» Requirement: Starting with the opening line of the entries below, transcribe each line exactly up to and including the one that has "Украшение ручной работы"; pictures are not copied.
Data provided START
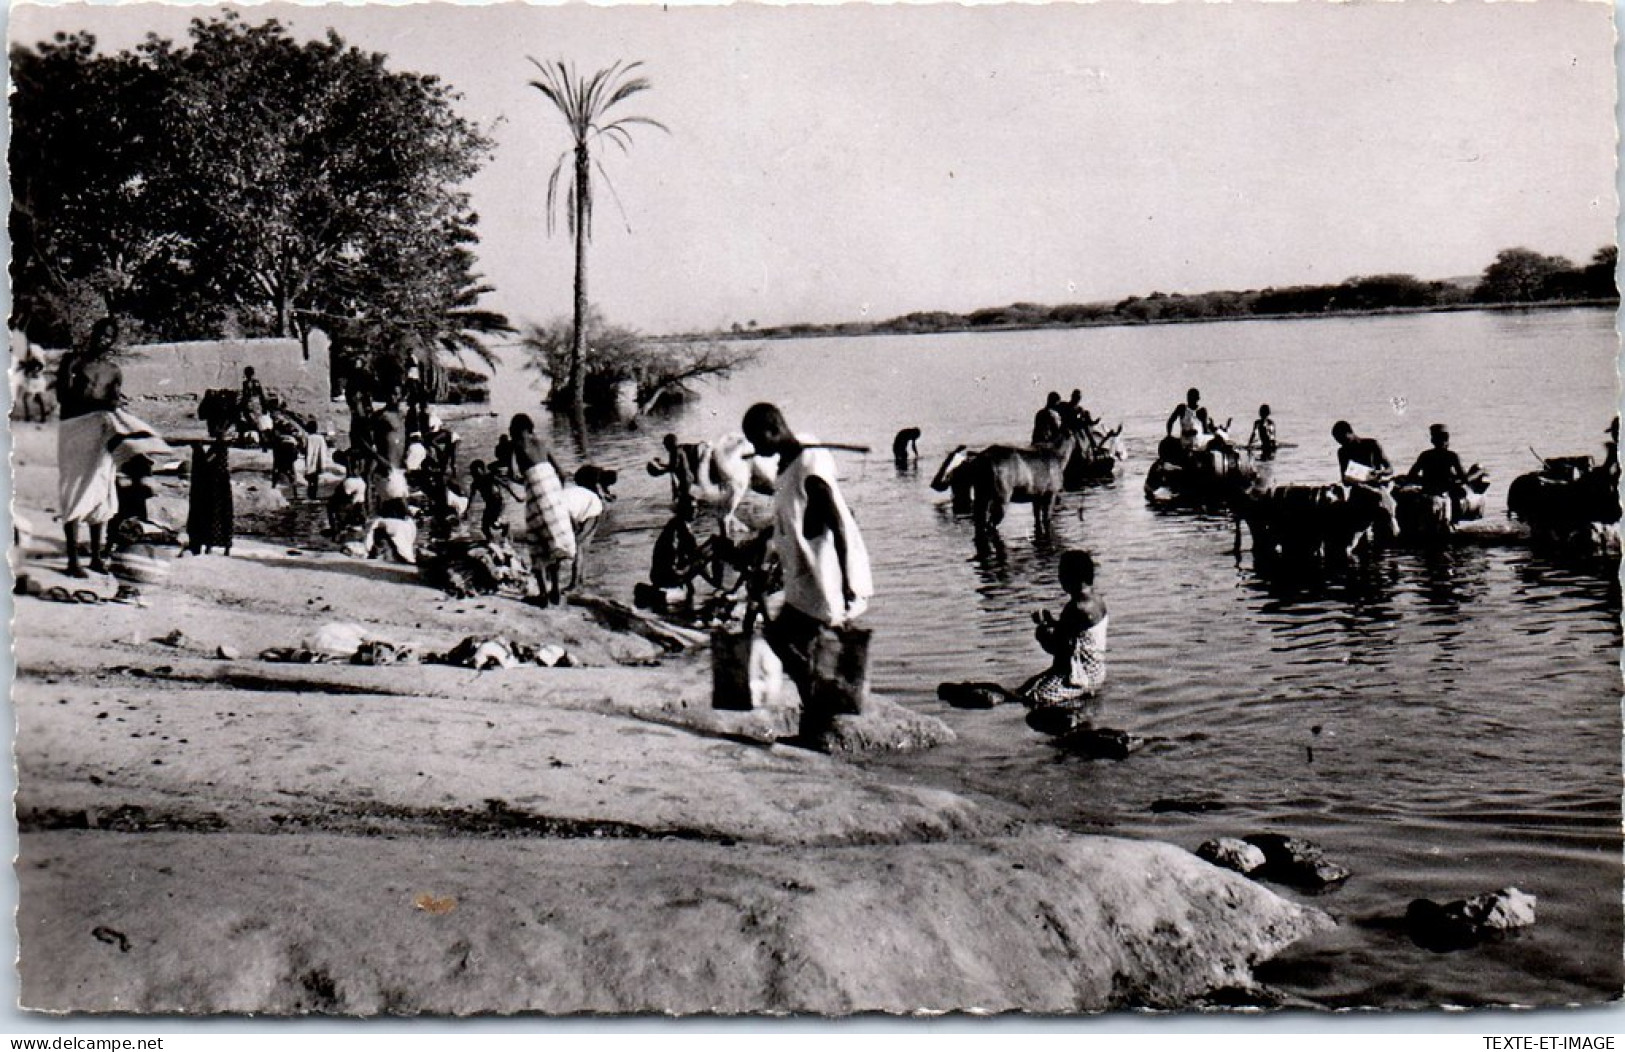 NIGER - NIAMEY - Scene De La Vie Au Bord Du Fleuve. - Niger
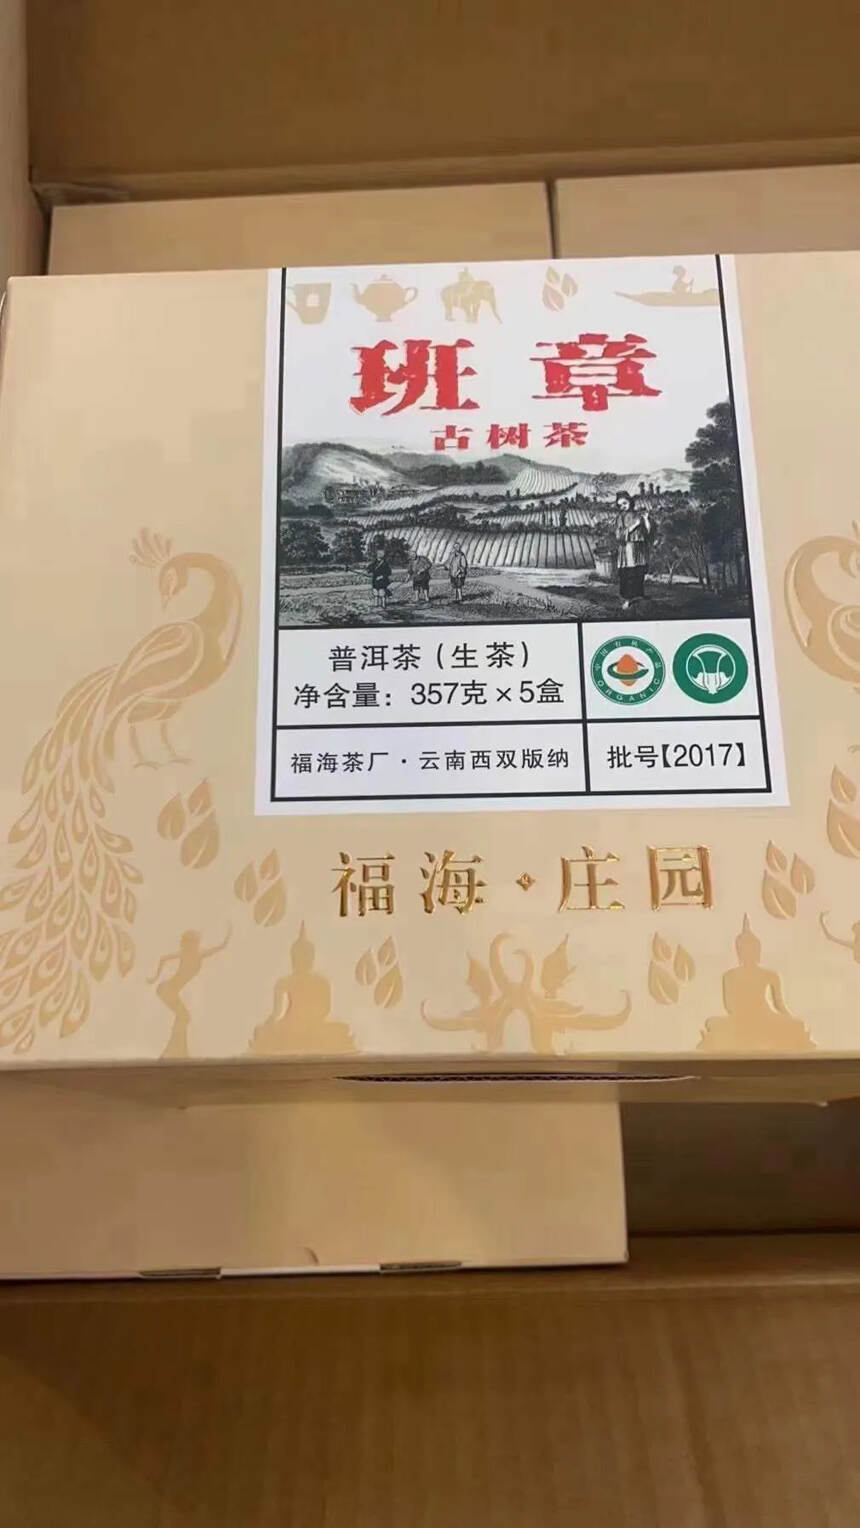 福海207年班章古树茶357克 生茶。原料来自福海茶
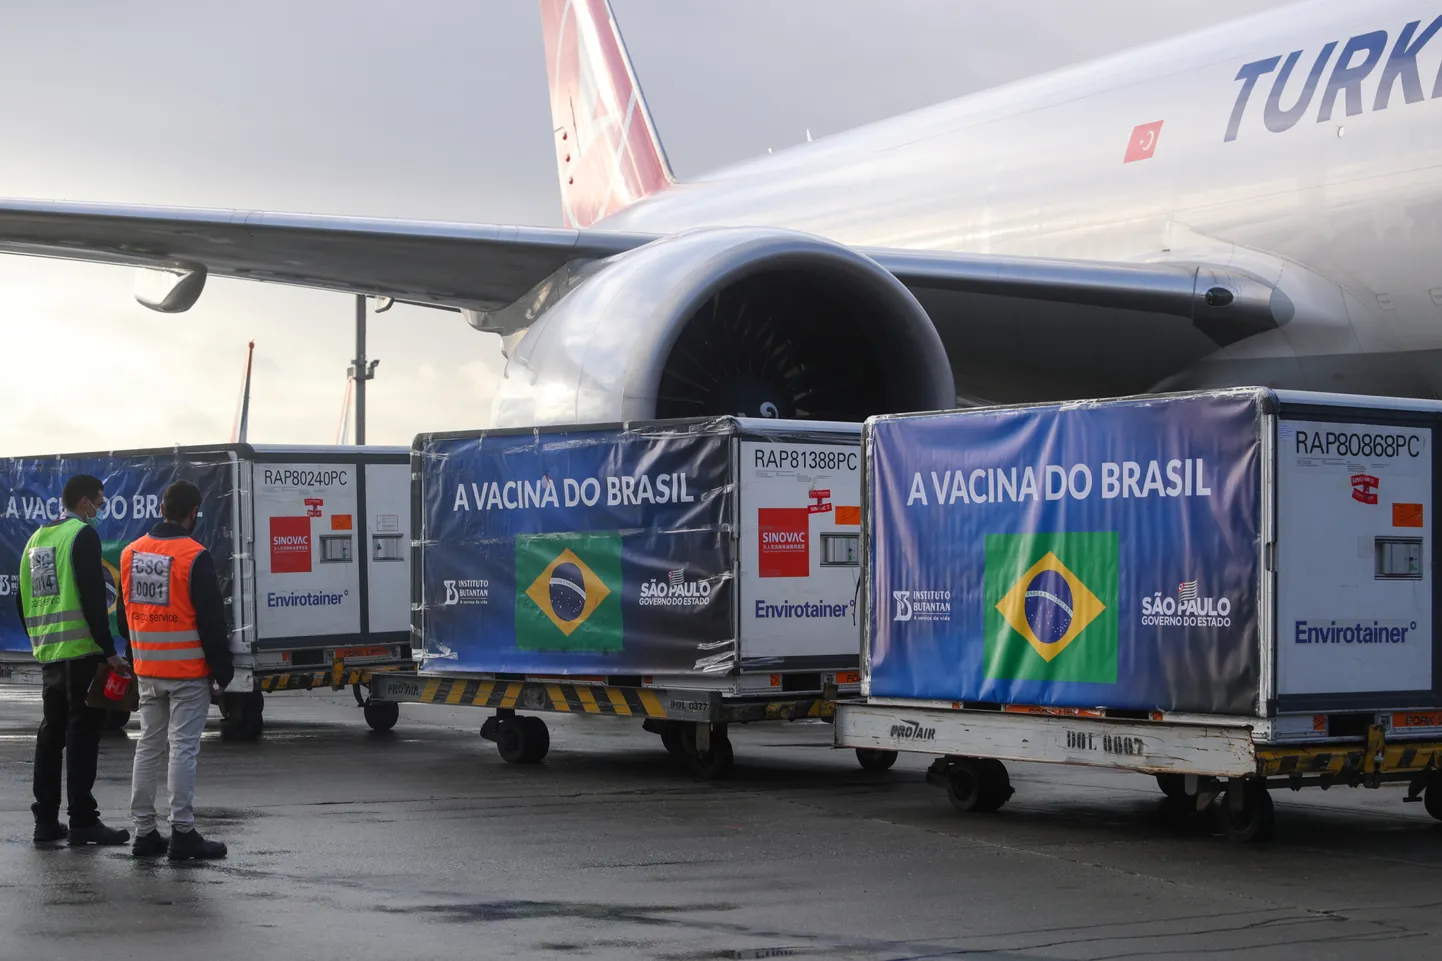 Китайская вакцина Sinovac  прибыла в Бразилию.
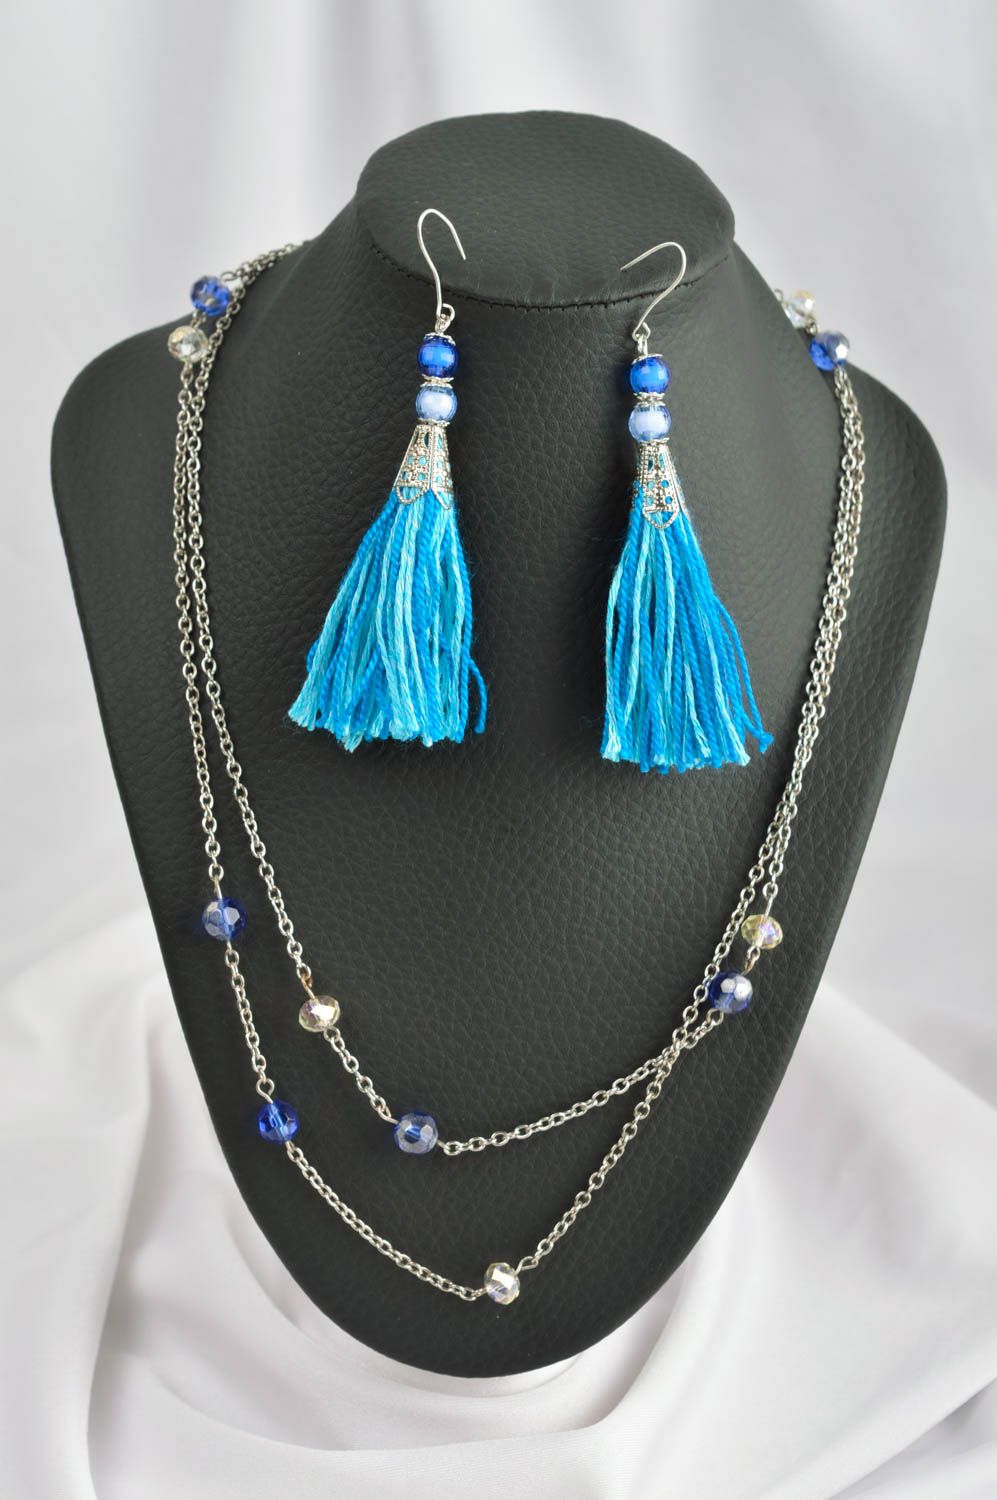 Украшение ручной работы ожерелье на шею длинные серьги голубые оригинальные фото 1
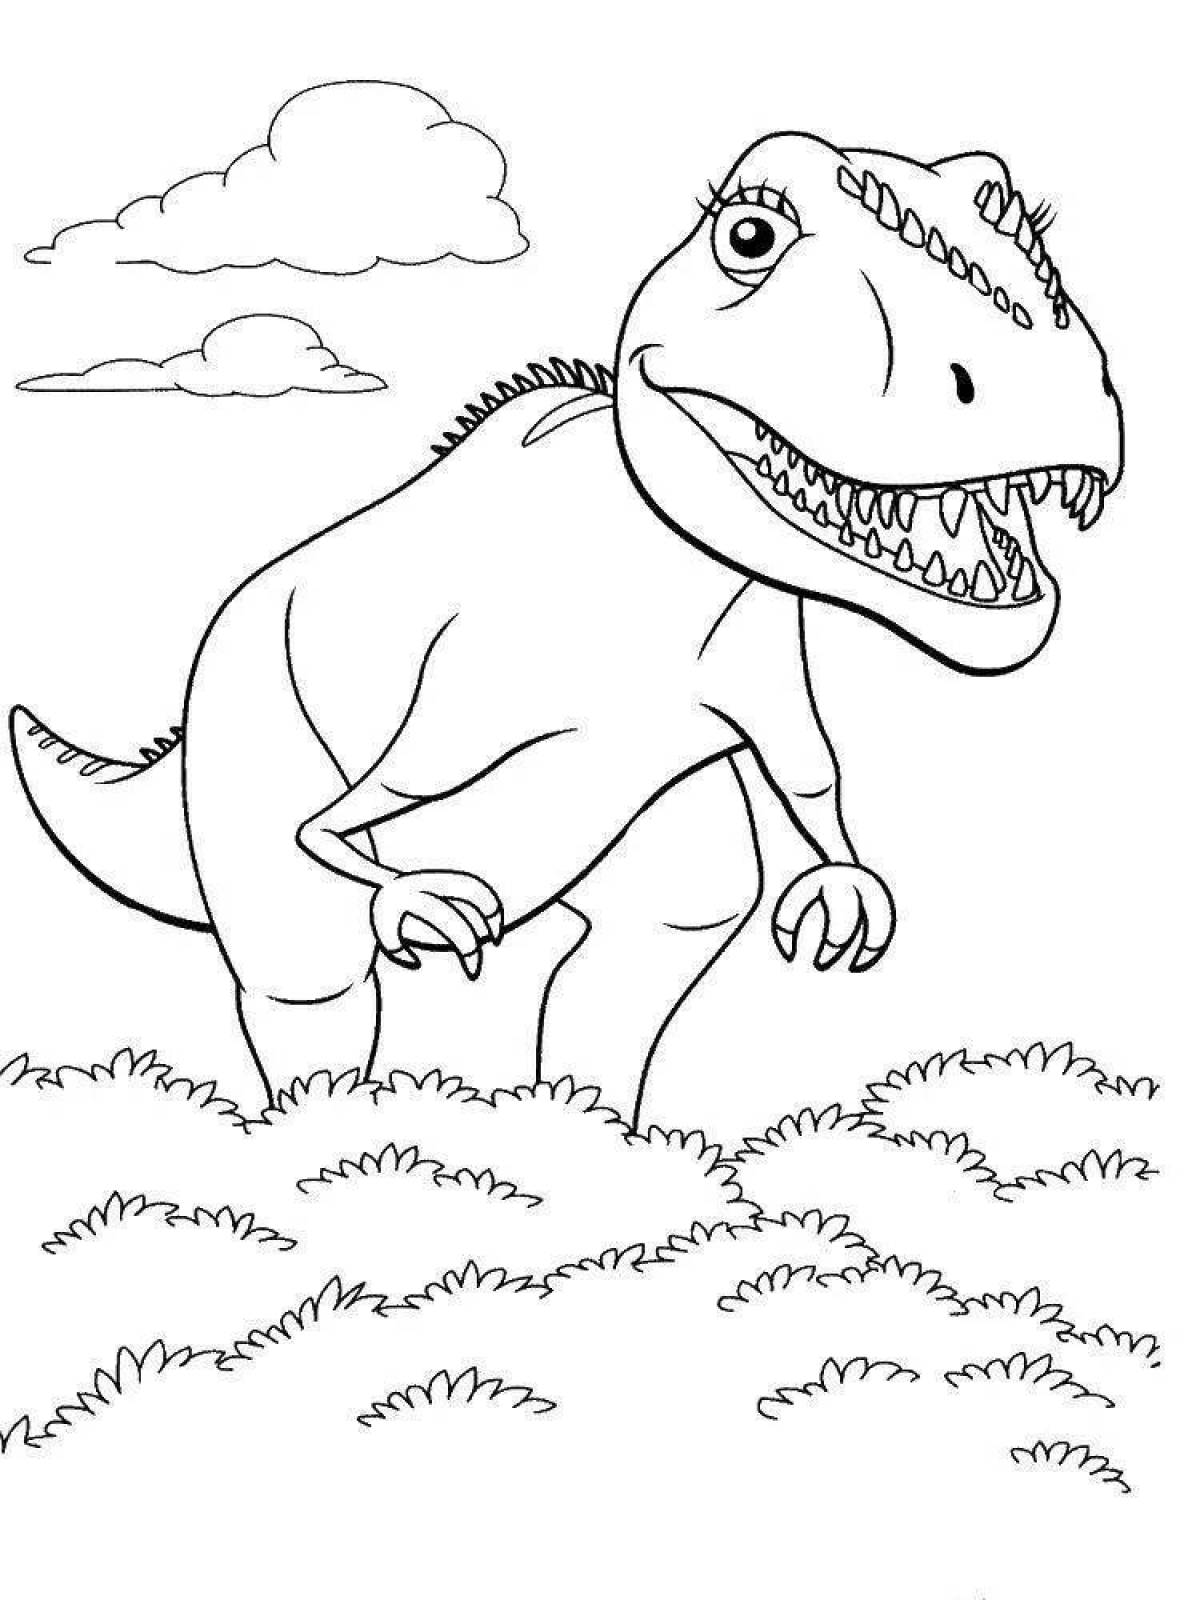 Раскраска динозавр формат а4. Поезд динозавров Тираннозавр раскраска. Тарбозавр раскраска динозавра. Динозавры / раскраска. Динозавр раскраска для детей.
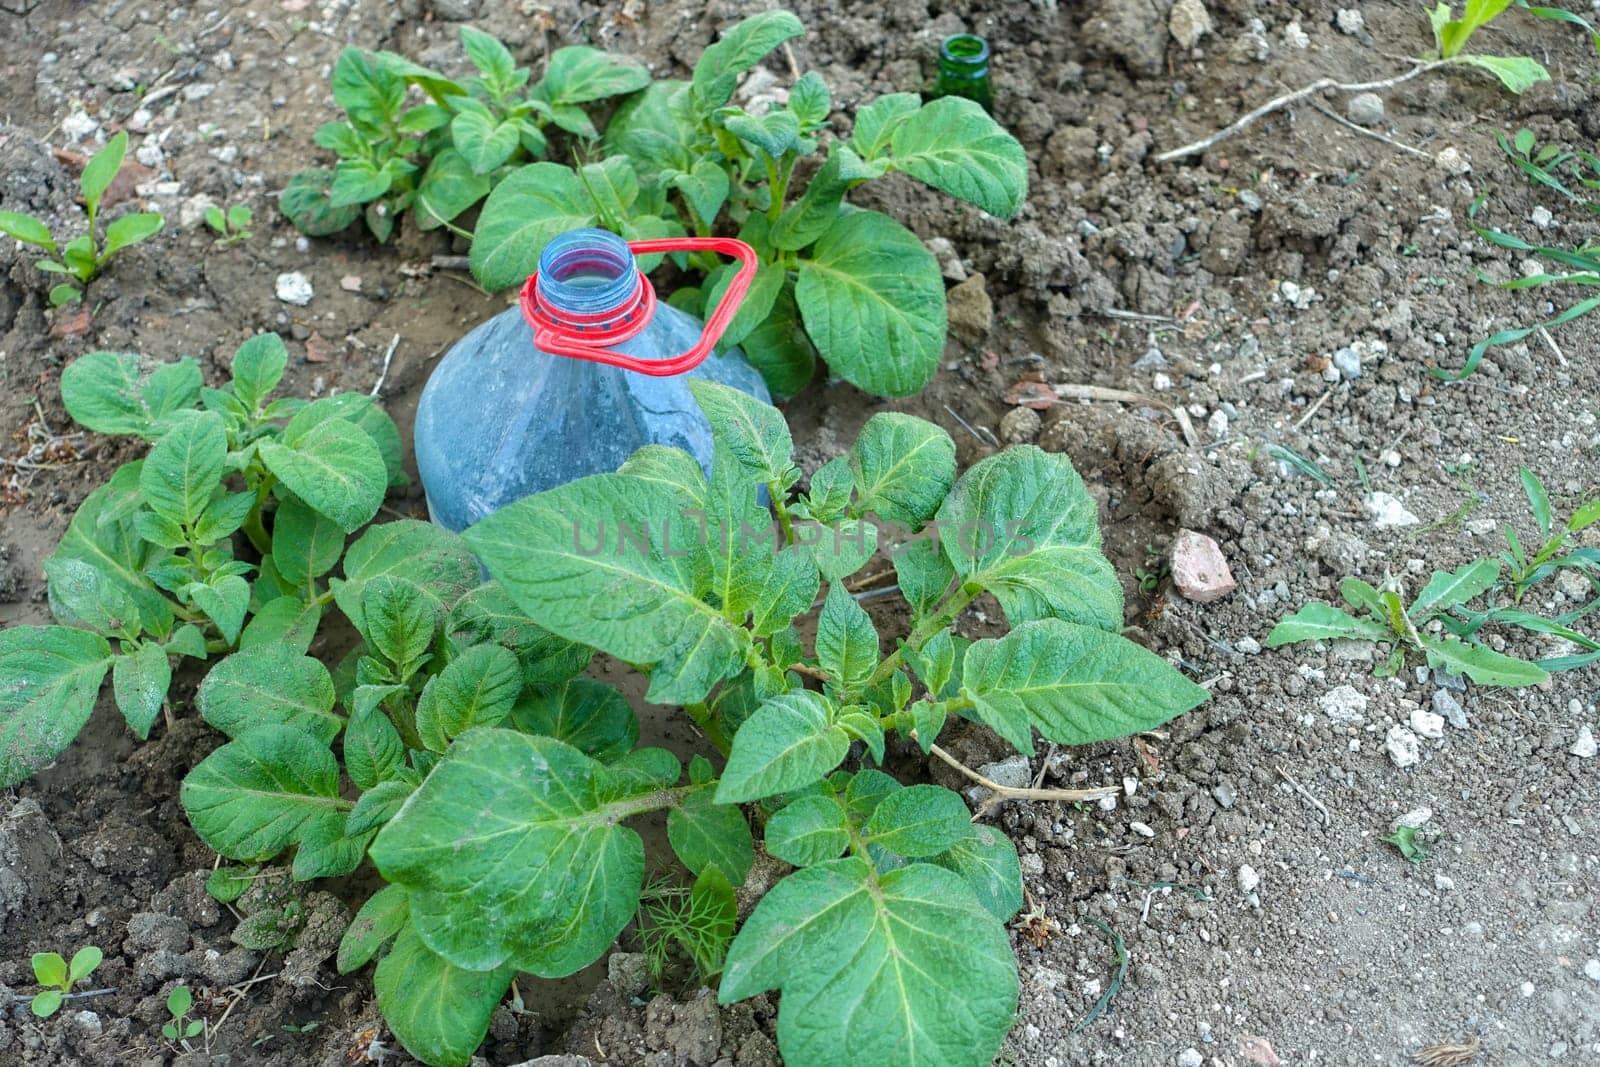 Potato cultivation using large pet bottles, potato cultivation by irrigating pet bottles, by nhatipoglu
Data provided END
» Task answer:
 NIGER - NIAMEY - Scene De La Vie Au Bord Du Fleuve. - Niger
 福海207年班章古树茶357克 生茶。原料来自福海茶
 Китайская вакцина Sinovac  прибыла в Бразилию.
 Украшение ручной работы ожерелье на шею длинные серьги голубые оригинальные фото 1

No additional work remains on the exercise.